All that remains is to identify the events \(B\) and \(B_j\), and to show that \(P(B_j) \leq \alpha/m_0\). To accomplish this, consider the first true null hypothesis that we reject when carrying out the HB method (recall that we assume \(m_0\geq 1\)). This will be the true null hypothesis with the smallest p-value among all the true null hypotheses. Let that hypothesis have p-value \(p_{(h)}\) in the ordering of the p-values from smallest to largest. Since we rejected this hypothesis, we must have
\[p_{(h)} \leq \frac{\alpha}{m – h + 1}\ .\]
In addition, since it is the first true null hypothesis that we encountered in the HB method, we must have \(m_0 \leq m – (h – 1)\), or \(m_0 \leq m – h + 1\), and so we also have
\[p_{(h)} \leq \frac{\alpha}{m_0}\ .\]
Now, for each test statistic \(X_i\) let us define a modified critical value \(\tilde{c}_i\) by the relation3
\[P_0(X_i \geq \tilde{c}_i) = \alpha/m_0\ .\]

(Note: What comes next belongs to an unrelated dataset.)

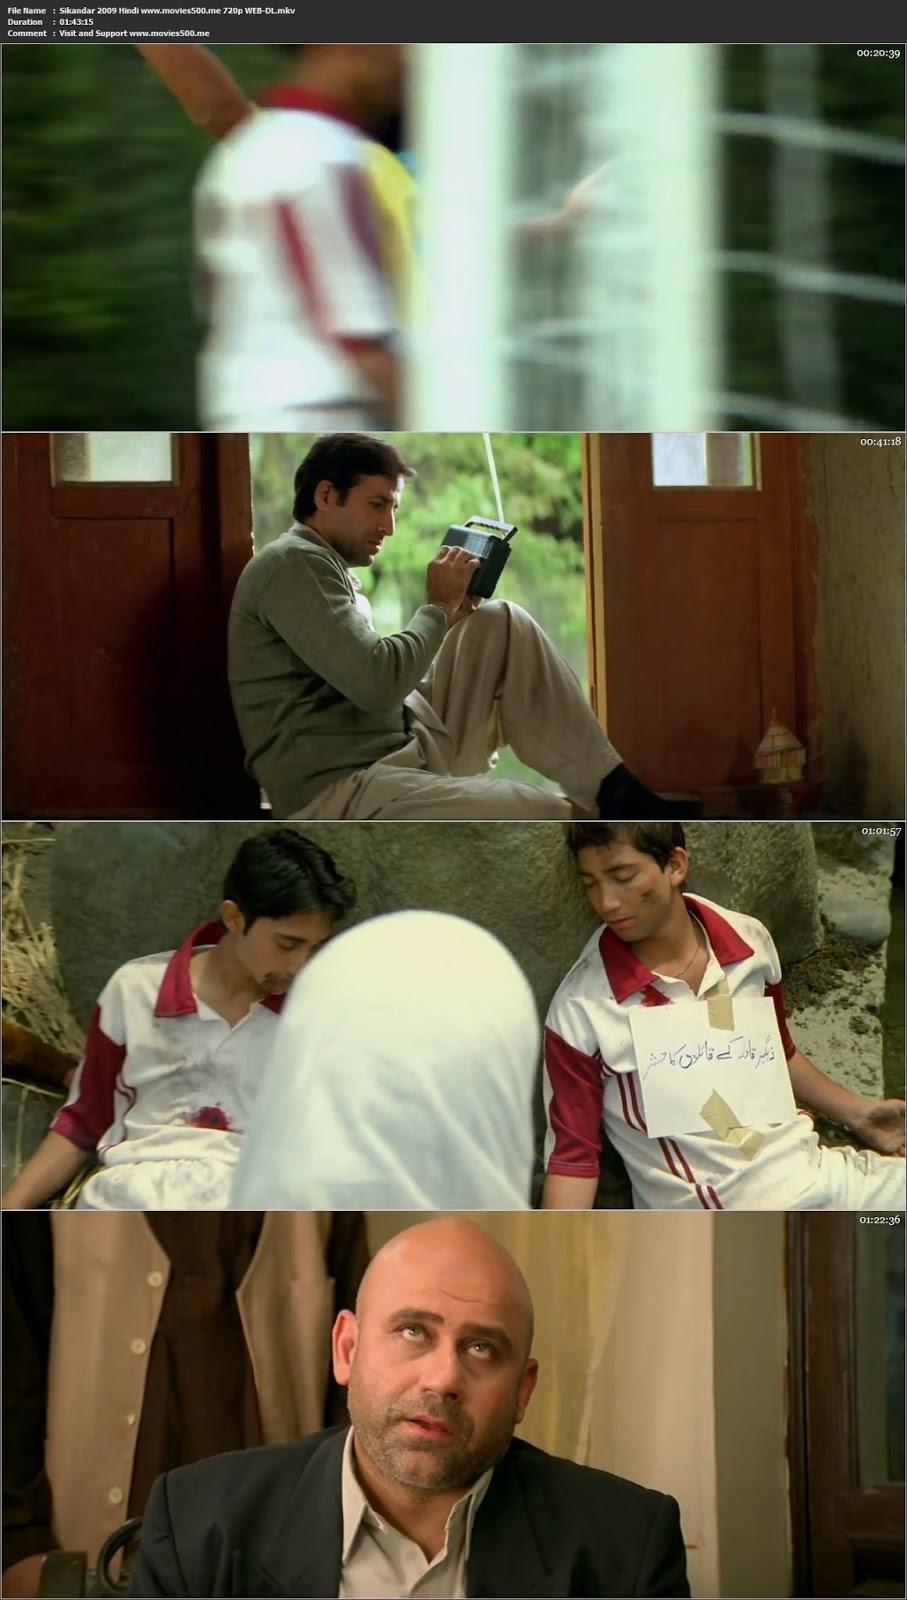 Sikandar 2009 Hindi Full Movie 700MB WEB DL 720p at newbtcbank.com

Then if we define \(B\) to be the event that \(X_j \geq \tilde{c}_j\) for at least one \(j\in\mathcal{J}_0\), the discussion above shows that \(A\) implies \(B\) or \(A\subset B\). We also have \(B = \cup_{j\in\mathcal{J}_0}B_j\) where \(B_j\) is the event that \(X_j \geq \tilde{c}_j\). Finally, by definition of the \(\tilde{c}_j\) we have \(P(B_j) \leq \alpha/m_0\) (this is actually an equality when the \(X_i\) are continuous), which completes the proof.
Footnotes
- See here for Holm’s original paper.
- This is the correct definition of the critical value for a continuous random variable. For a random variable \(X\) that can only take on a set of discrete values \(x_k\), for \(k\) in some index set, one possible definition of the critical value \(c\) is to take \(c\) to be equal to the smallest \(x_k\) that satisfies \(P_0(X \geq x_k) \leq \alpha/m\). Then we always have \(P_0(X \geq c) \leq \alpha/m\). In this post we focus on the continuous case to make the proof a bit shorter.
- Here, to keep things simple we are again assuming the \(X_i\) are continuous.
Comments
2 responses to “Multiple hypothesis testing and the Holm-Bonferroni method”
I enjoyed this. Thanks Matt.
Thanks Eugeniu! I hope you are doing well.